Functor categories for groups

Friday 19 April 2024 Venue: Postgraduate Statistics Centre Lab 2, Lancaster University (hybrid)

About the meeting

Groups come in many fascinating forms and shapes. In this meeting, we will survey a selection of original techniques in the study of some infinite groups, such as right-angled Artin and Coxeter groups, profinite groups and groups associated with a certain Cantor action. Techniques may involve graphs, the use of micro-supported actions, or Mackey functor methods.

Titles and abstracts

Jakub Waniek: Completed Mackey functors for profinite groups.

Mackey functors can be thought of as an equivariant generalisation of abelian groups; indeed, a Mackey functor for the trivial group is the same thing as an abelian group. The role of equivariant rings in this theory is played by Green functors, Mackey functors’ ring-valued cousins. Lewis (1980) initiated the study of ‘rings’ (Green functors) and their ‘modules’, i.e. their ‘actions’ on ‘abelian groups’ (Mackey functors) using a canonical tensor product. In this talk, I will suggest a possible extension of this theory to profinite groups. I will begin by introducing Mackey and Green functors for finite groups, then describe the construction of the completed Burnside ring of a profinite group due to Dress and Siebeneicher (1988). I will then generalise their construction to arbitrary Mackey and Green functors for profinite groups. Time permitting, I will describe the basic theory of ‘modules’ over ‘rings’ in the profinite setting.

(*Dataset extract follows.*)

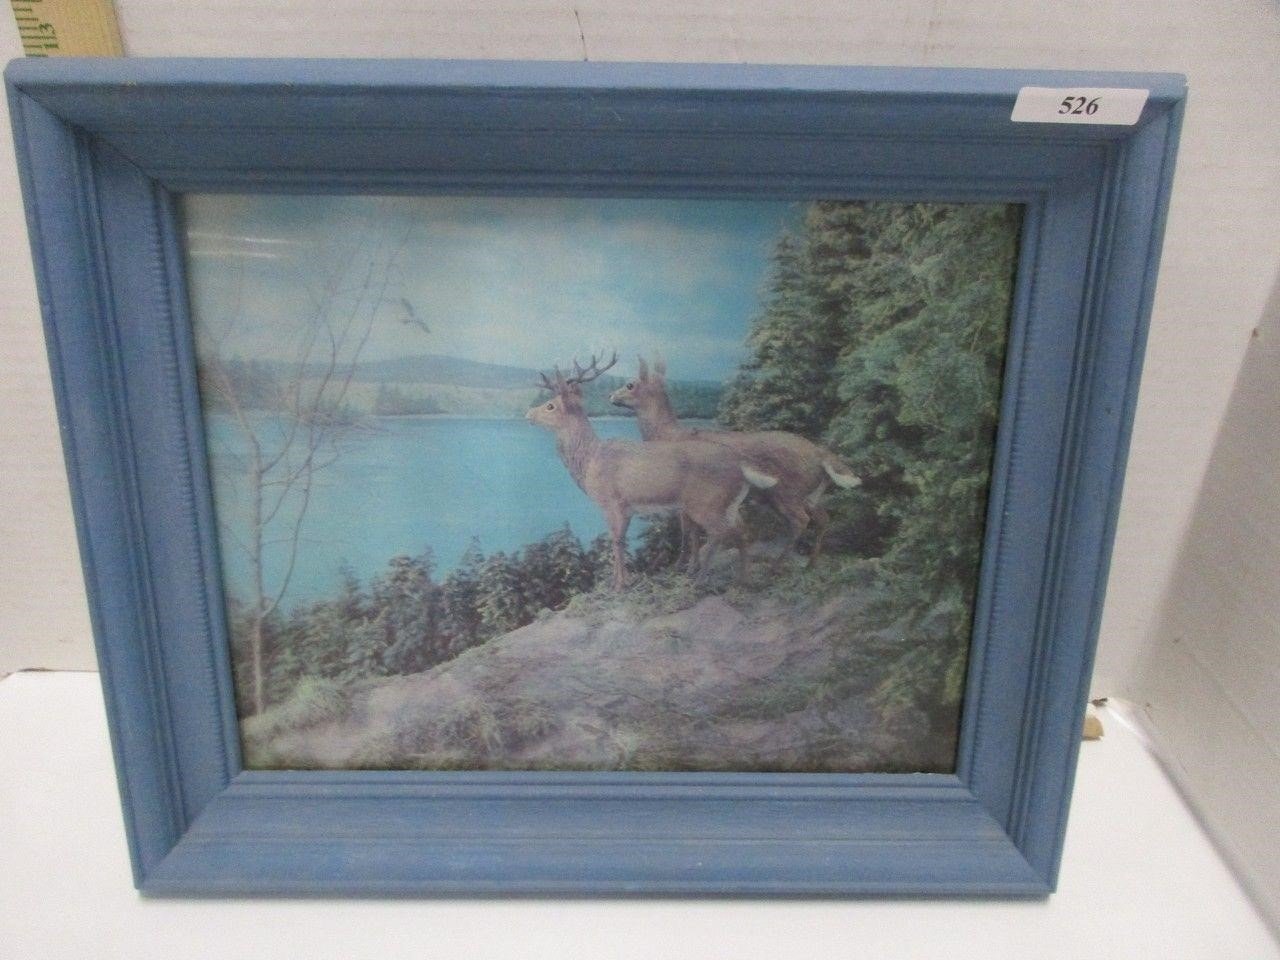 3-D deer picture
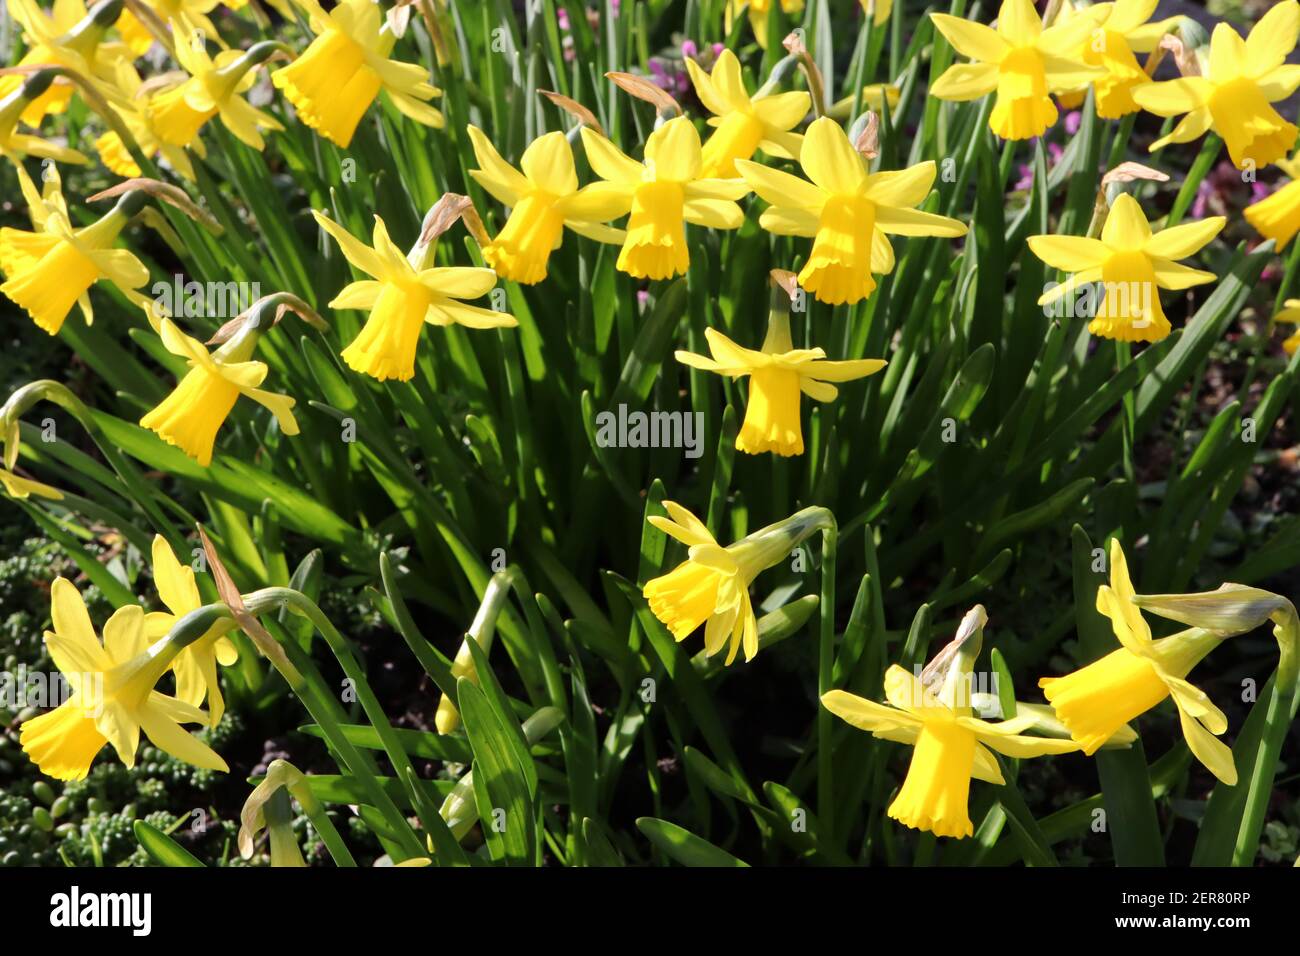 Narcissus ‘Febbraio Gold’ / Daffodil Febbraio Gold Division 6 Cyclamineus Daffodils giallo con coppe frilly, febbraio, Inghilterra, Regno Unito Foto Stock

Dominik Francoeur: Intersection-saturated groups and groups with micro-supported actions.

A group is said to possess the Howson property if the intersection of any two finitely generated subgroups is again finitely generated. When a group fails to have the Howson property, one can try to characterise how far it is from having it. Such considerations give rise to the notion of intersection-saturated groups, introduced recently by Delgado, Roy and Ventura. In this talk, we'll see a new construction for intersection-saturated groups based on so-called micro-supported actions, that allows one in particular to produce finitely presented amenable examples.

Gemma Crowe: The conjugacy problem in (virtual) right-angled Artin groups.

In 2009, Bogopolski, Martino and Ventura proved an equivalence between conjugacy in group extensions and twisted conjugacy. Using their construction, one can find both decidable and undecidable results for the conjugacy problem in larger classes of groups, by instead studying the twisted conjugacy problem. In this talk, we will study right-angled Artin groups (RAAGs), a popular class of groups which are defined from simple graphs. We will use algebraic and geometric techniques to understand when the twisted conjugacy problem can be solved in RAAGs.